**EXERCISE DETAILS:** Using the data that follows, give again word for word the lines between the one holding "För france för" and the one holding "RESOTEL habitación noche cama", inclusive. Omit the pictures.

··· GIVEN DATA

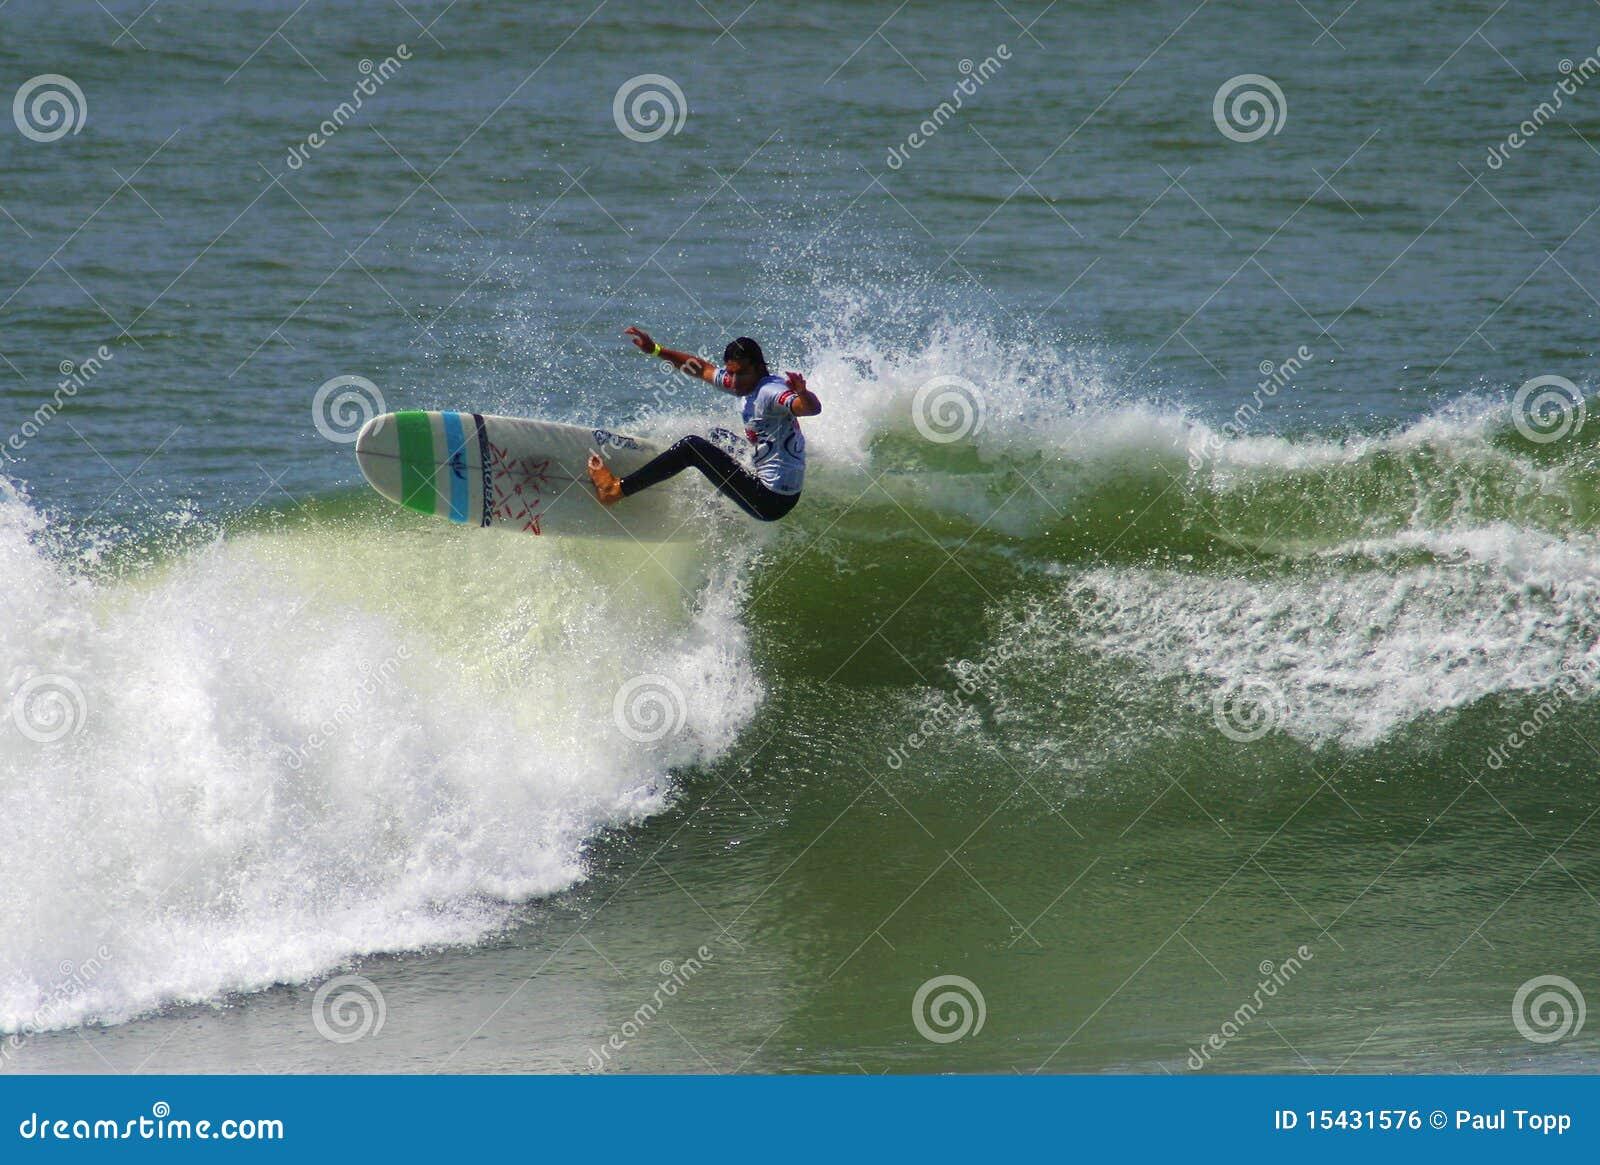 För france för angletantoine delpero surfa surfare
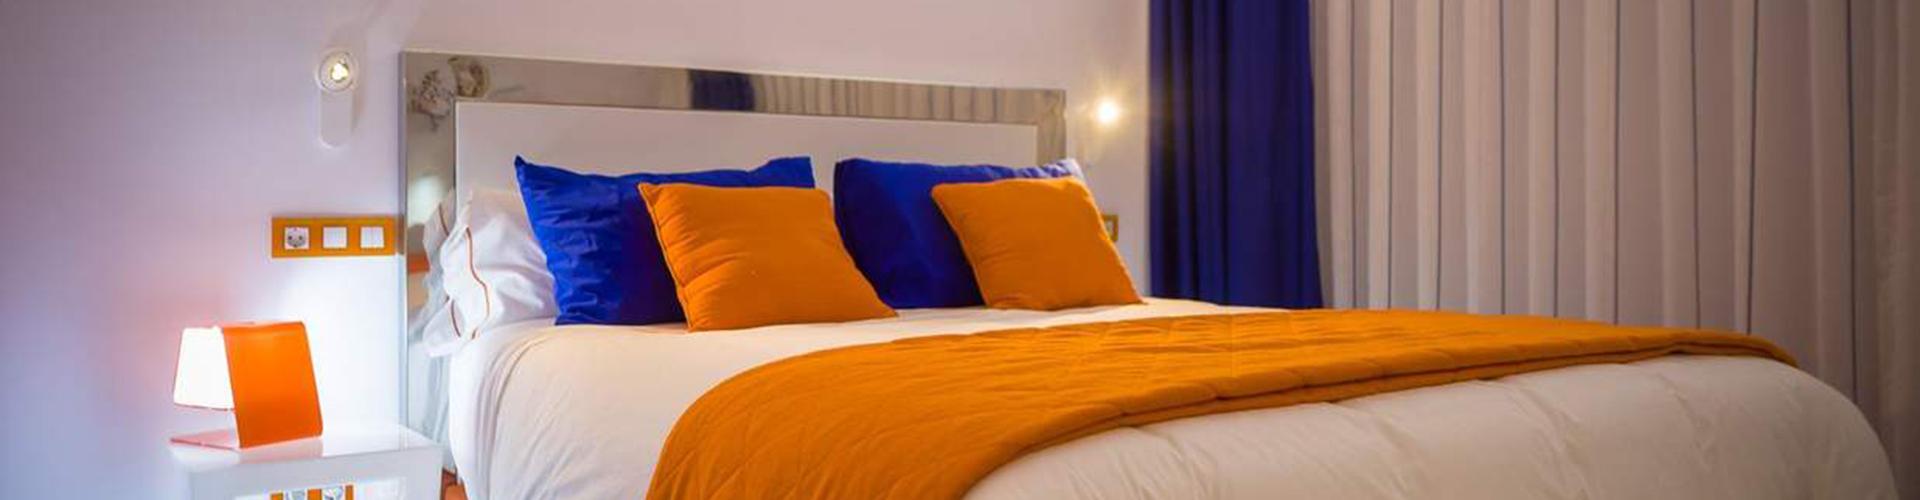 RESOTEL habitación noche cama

······
··· GIVEN DATA

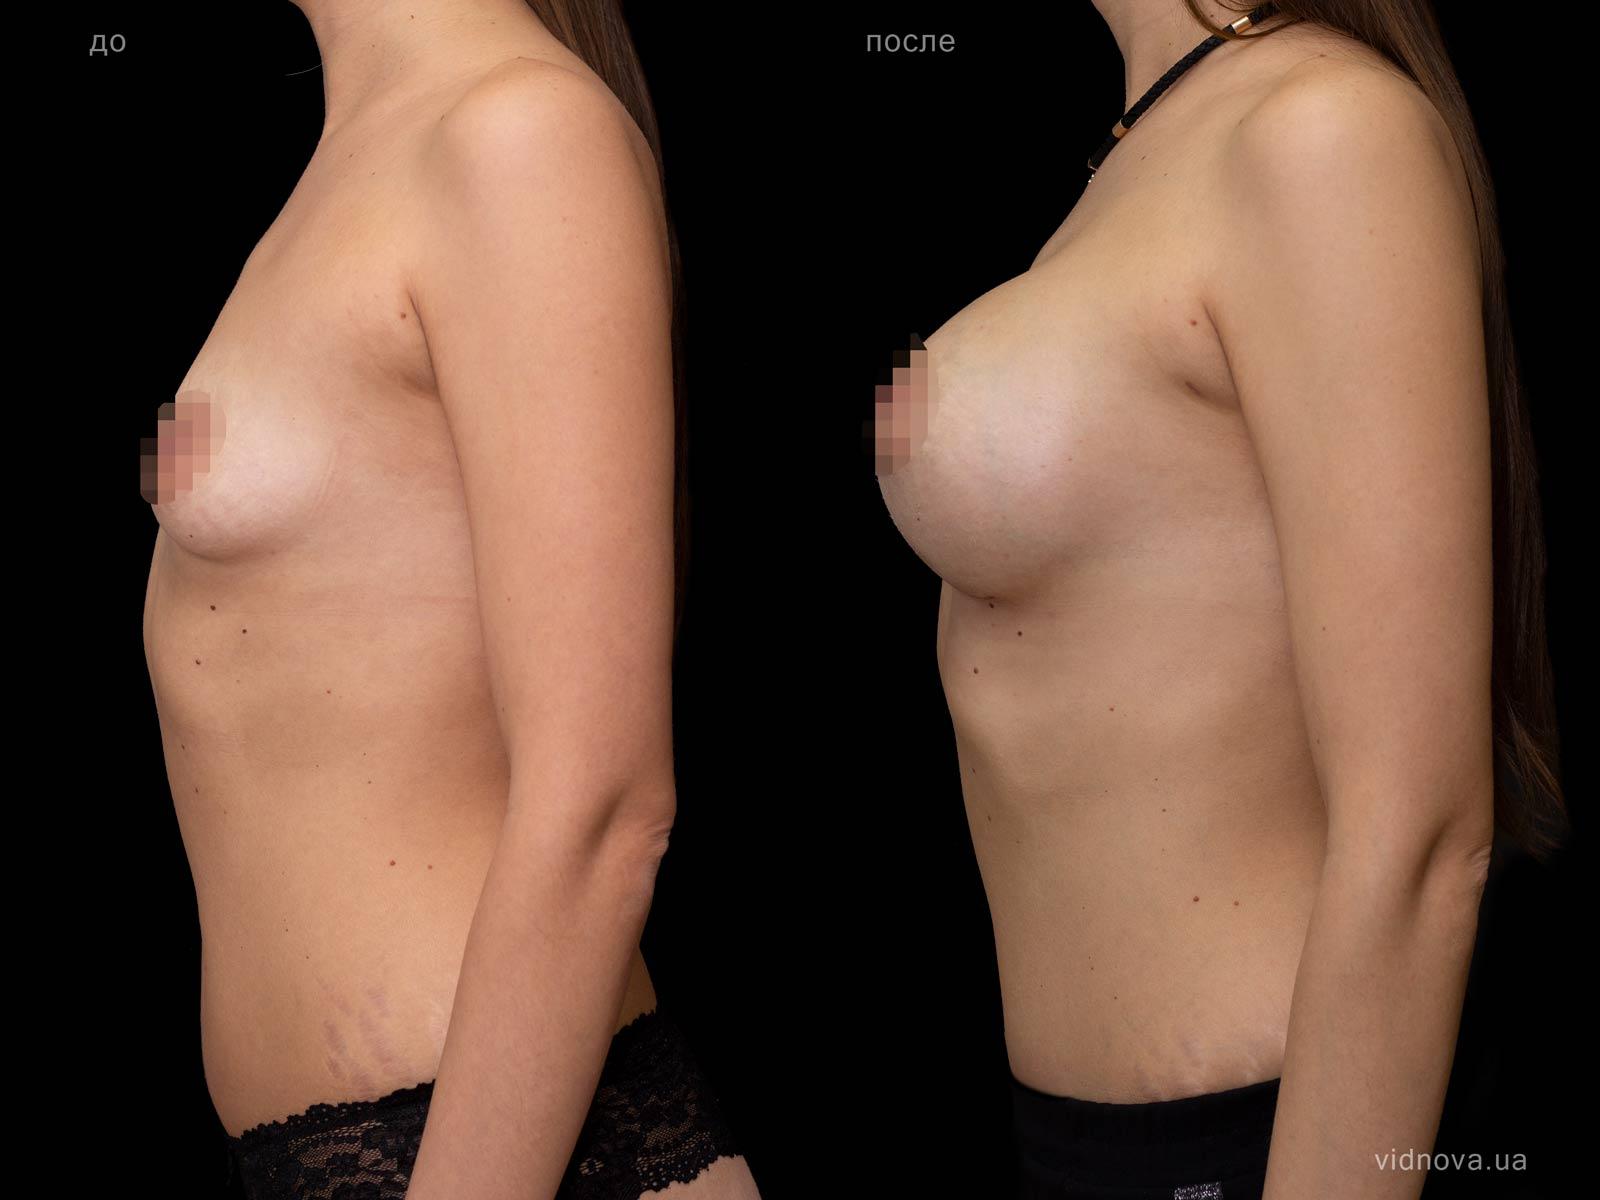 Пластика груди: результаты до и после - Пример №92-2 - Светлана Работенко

······

**OUTPUT OF THE TASK:**
 För france för angletantoine delpero surfa surfare
 RESOTEL habitación noche cama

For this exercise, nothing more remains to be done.